## Dataset content
((

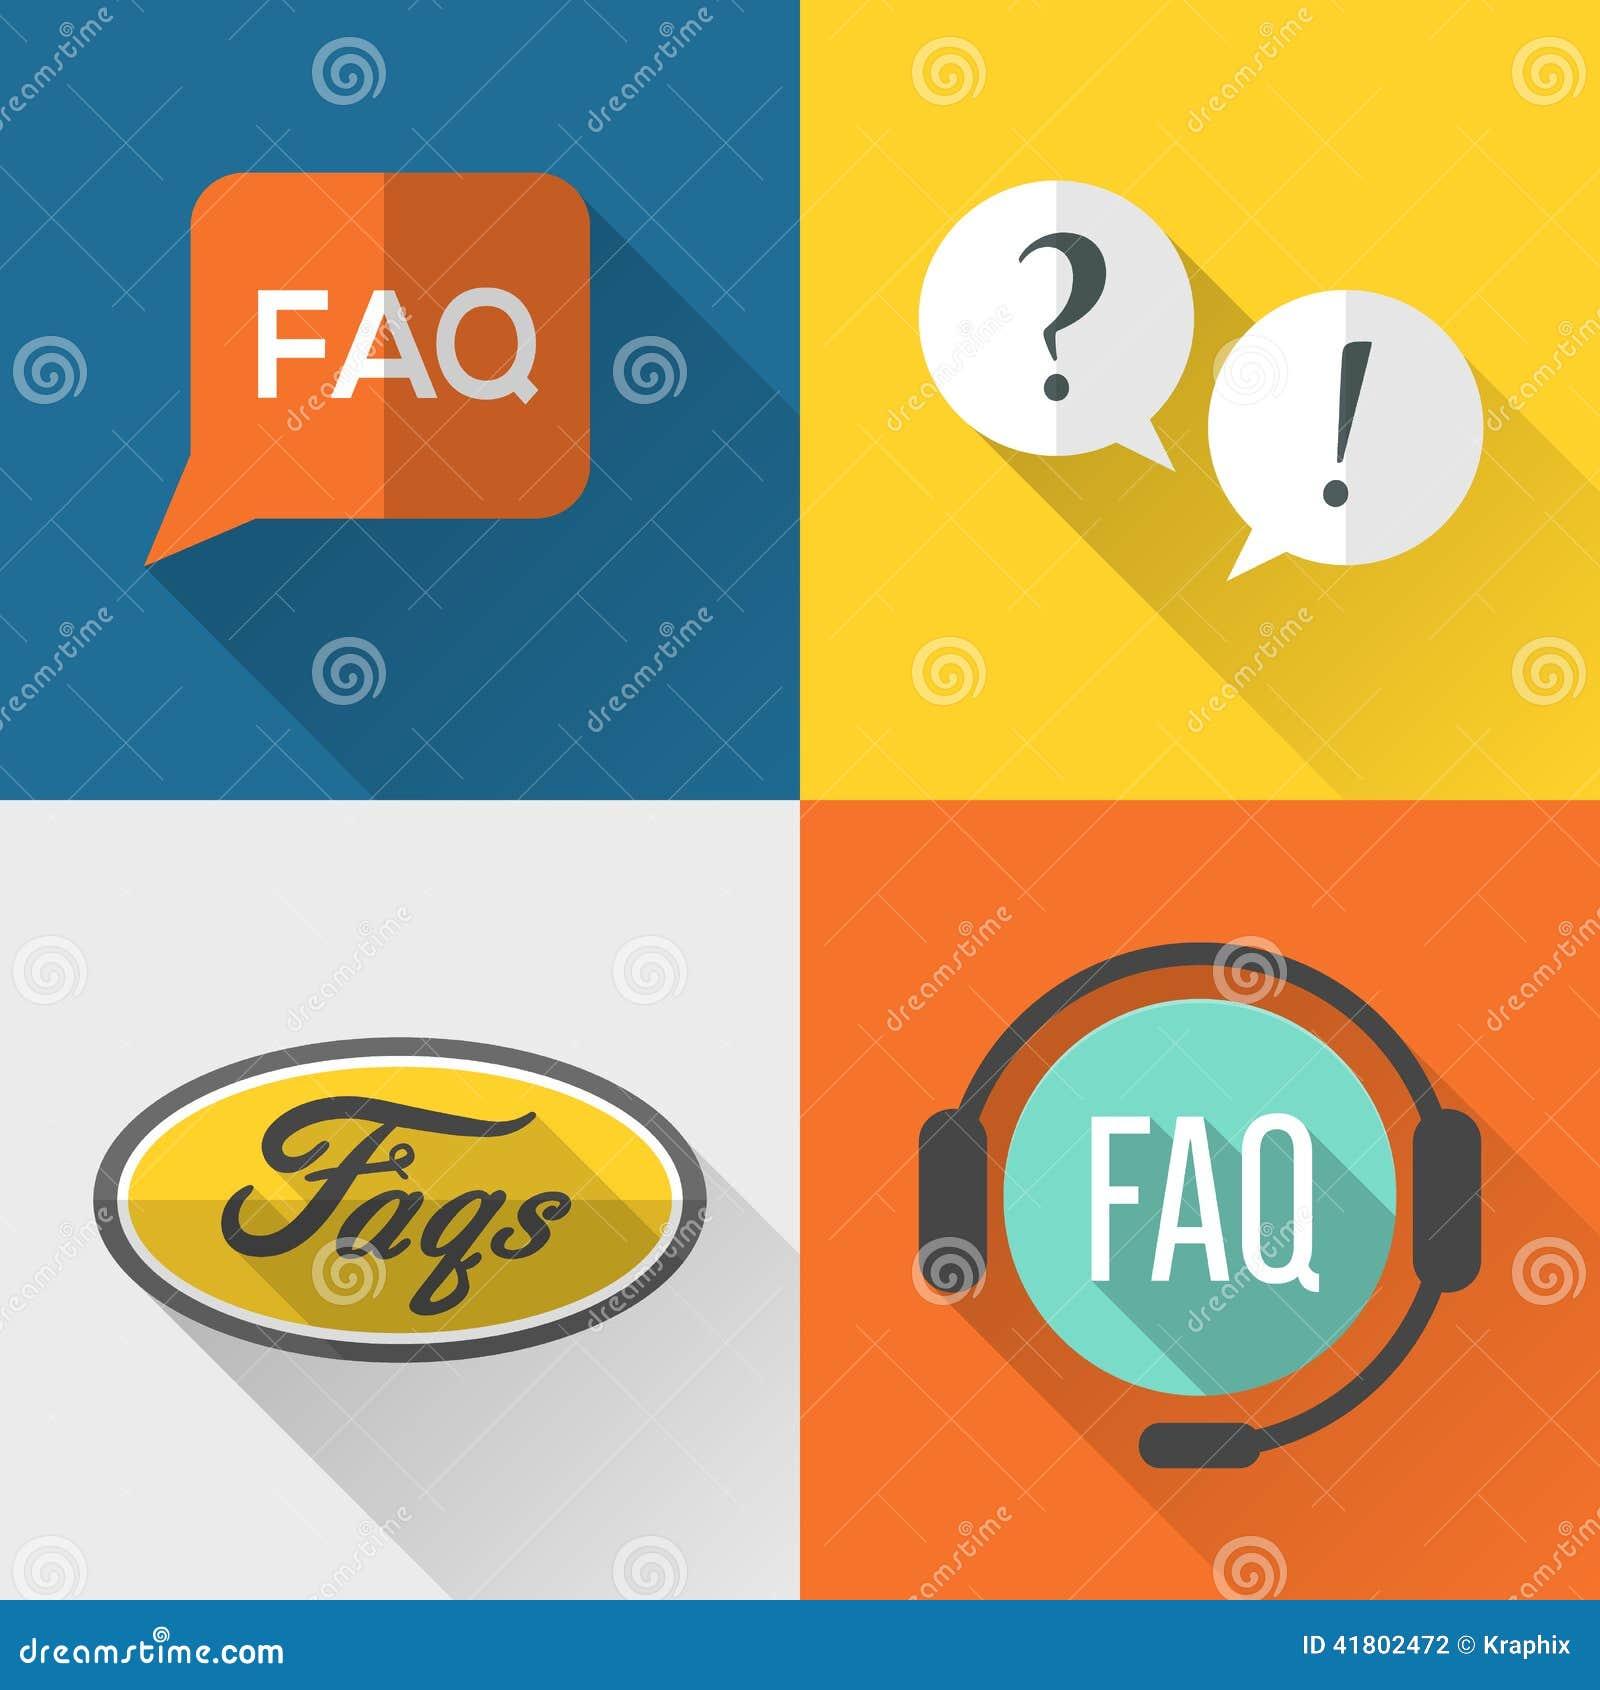 Faq: FAQs Icons Set Flat Design Stock Vector. Image Of Help
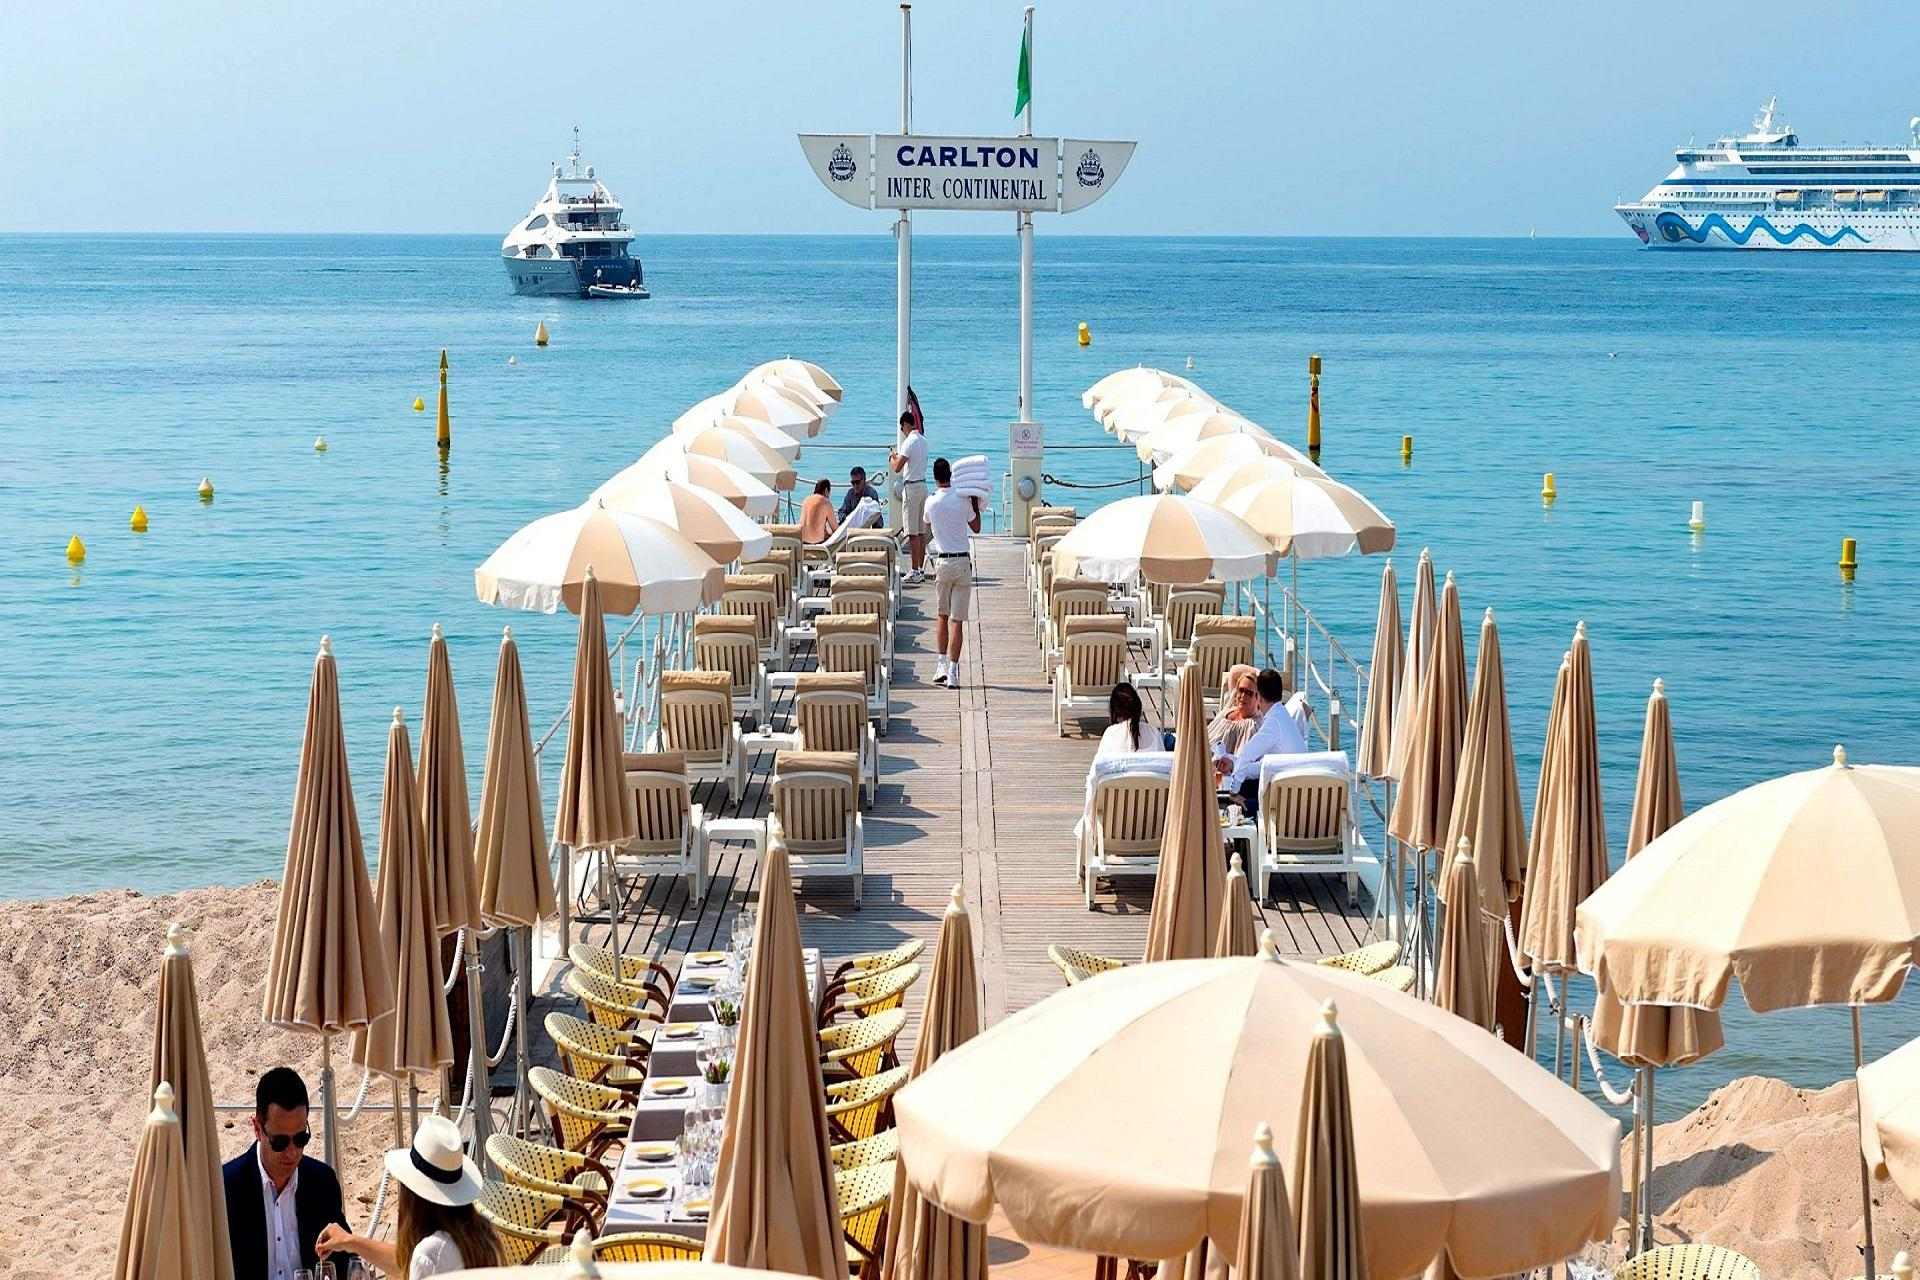 Carlton-Cannes-French-Riviera-cote-dazur-Croisette-ponton-plage
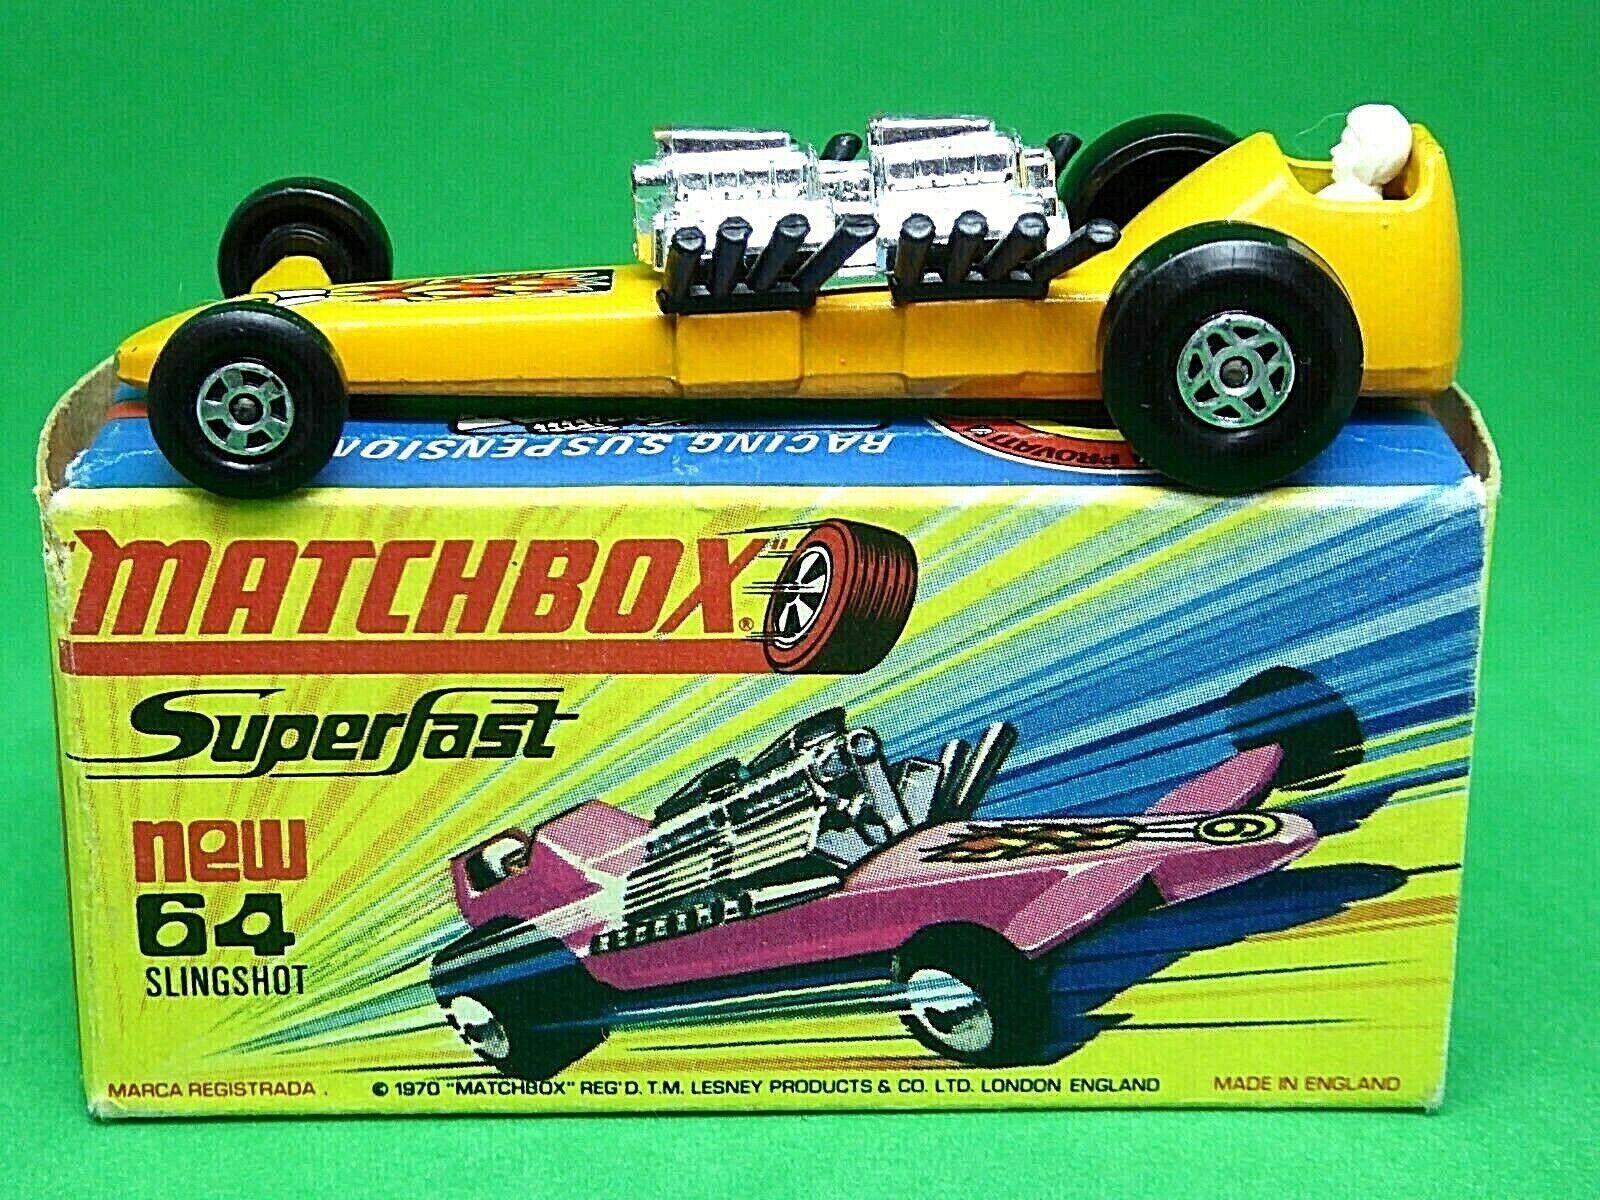 Matchbox Lesney No.64c Slingshot Dragster H1 'New' Box (VERY RARE LIGHT orange)

))

## Requirement
Please return all of the material above exactly, minus any pictures.

## Exercise answer
 Faq: FAQs Icons Set Flat Design Stock Vector. Image Of Help
 Carlton-Cannes-French-Riviera-cote-dazur-Croisette-ponton-plage
 Matchbox Lesney No.64c Slingshot Dragster H1 'New' Box (VERY RARE LIGHT orange)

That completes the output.